Your points are fair, but I think you overestimate how many "reasonably intelligent" persons are available to understand the depth and scope of what causal effects slavery had. But is New Jersey really a good example of an alternative that the South didn't seize? To my understanding, none of the Northern states had dependency on the slavery institution remotely close to the South.

[–]Georgy_K_Zhukov[S] 8ポイント9ポイント  (2子コメント)

The lack of plantation systems in the northern states when they still held slaves does change the nature to a degree of course (NJ population was about 6 percent slave it seems), but I don't think that really changes things... The New Jersey solution could have reasonably worked, I would argue, had the southern planter class been amenable to instituting it, but they were simply too committed to protecting the institution. It ensured a mechanism that a) wouldn't see their workforce immediately melt away and b) gave them a good 25 year window to transition from an enslaved workforce to a free one.

Now, if we look to the actual end of slavery, the result was many of the former slaves still working the same land, just as sharecroppers. The point being, that an immediate transition to emancipation didn't mean the loss of their workforce, and I see no reason why a gradual transition to emancipation would have meant anything different, and if anything, would have allowed them much better time and planning to prepare for it.

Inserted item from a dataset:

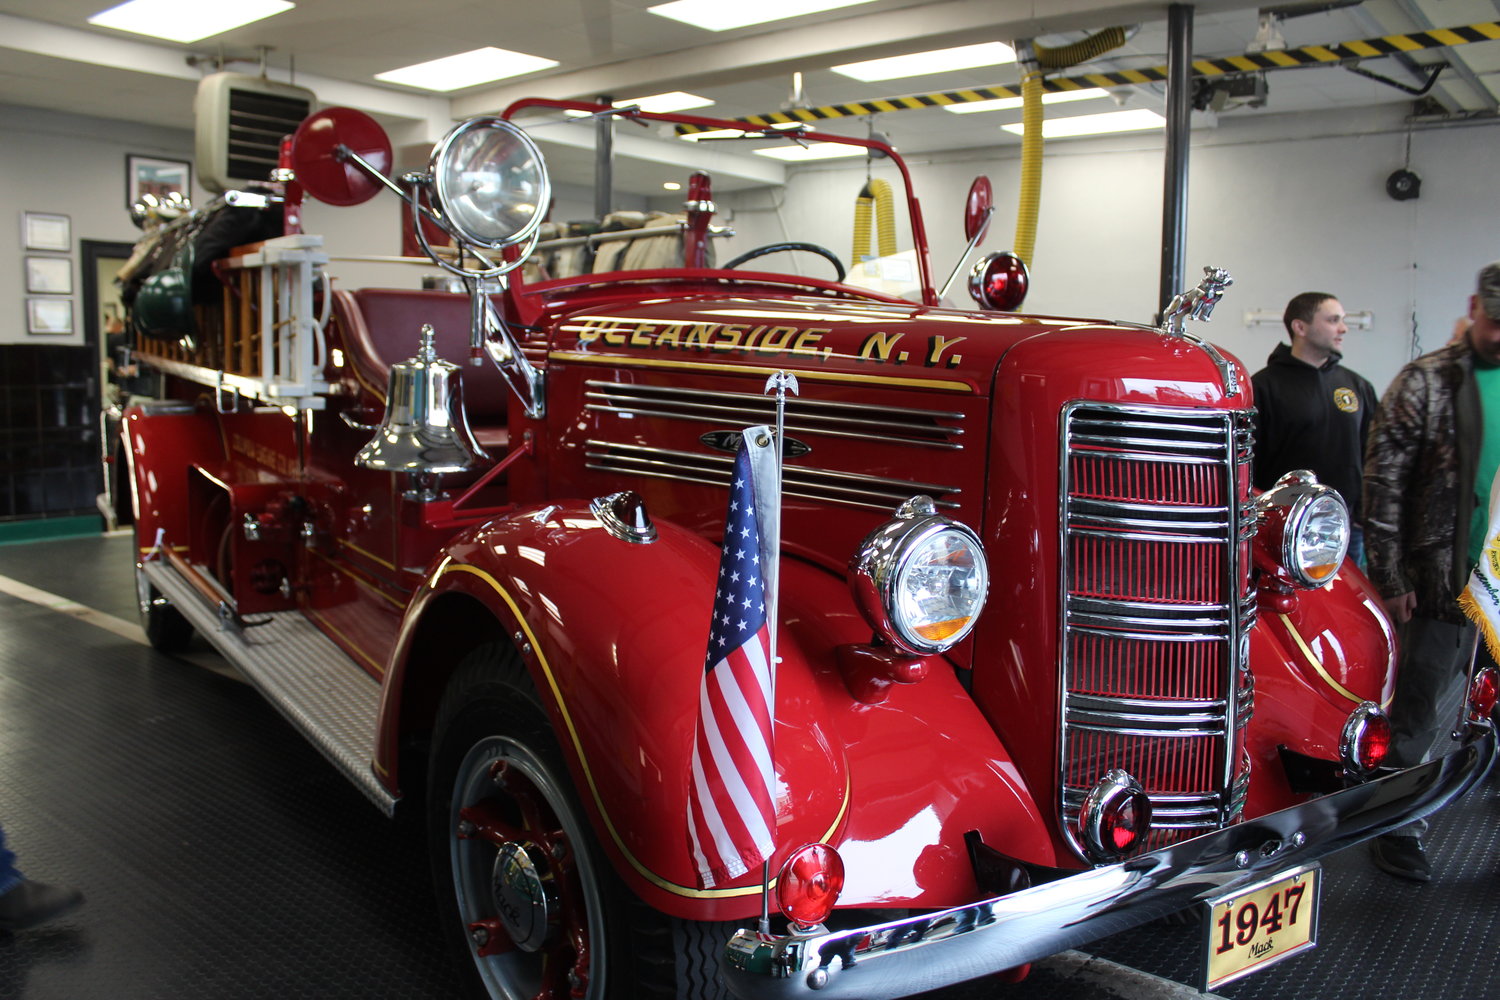 A model of power and resilience, the 1947 Mack truck has served its purpose dutifully for nearly a half-century fighting fires, and can finally rest at the Columbia Engine Company No. 1 station.

[–]noisewar 1ポイント2ポイント  (1子コメント)

That's a matter of debate, but point taken. Clearly, the South is guilty of not doing their share of the transition as well, most evidenced by their segregation laws enacted during the Reconstruction in defiance of what the North expected.

[–]Georgy_K_Zhukov[S] 6ポイント7ポイント  (0子コメント)

Sure, any thing said on this point will be necessarily speculative, but I see no inherent reason why slavery couldn't have been ended peacefully and without undue harm to the south (or at least harm to nearly the same degree ending it did take in reality). The main impediment was southern intransigence and attachment to the institution, not the inconceivability of such a plan working.

[–]nihil_novi_sub_sole 9ポイント10ポイント  (4子コメント)

The phrase "the Civil War was/wasn't fought over slavery" is a politically polarizing premise to begin with.

Should it not be? It wasn't a moral issue for everyone, but you can't act like abolitionists, Radical Republicans, and, you know, all black people didn't have a say in the cause of the war. Hell, two of the biggest direct causes of the war were an abolitionist novel and an abolitionist raid. Plenty of moderates like Lincoln derived their opposition to slavery on a belief that it was wrong, even if they didn't demand immediate abolition.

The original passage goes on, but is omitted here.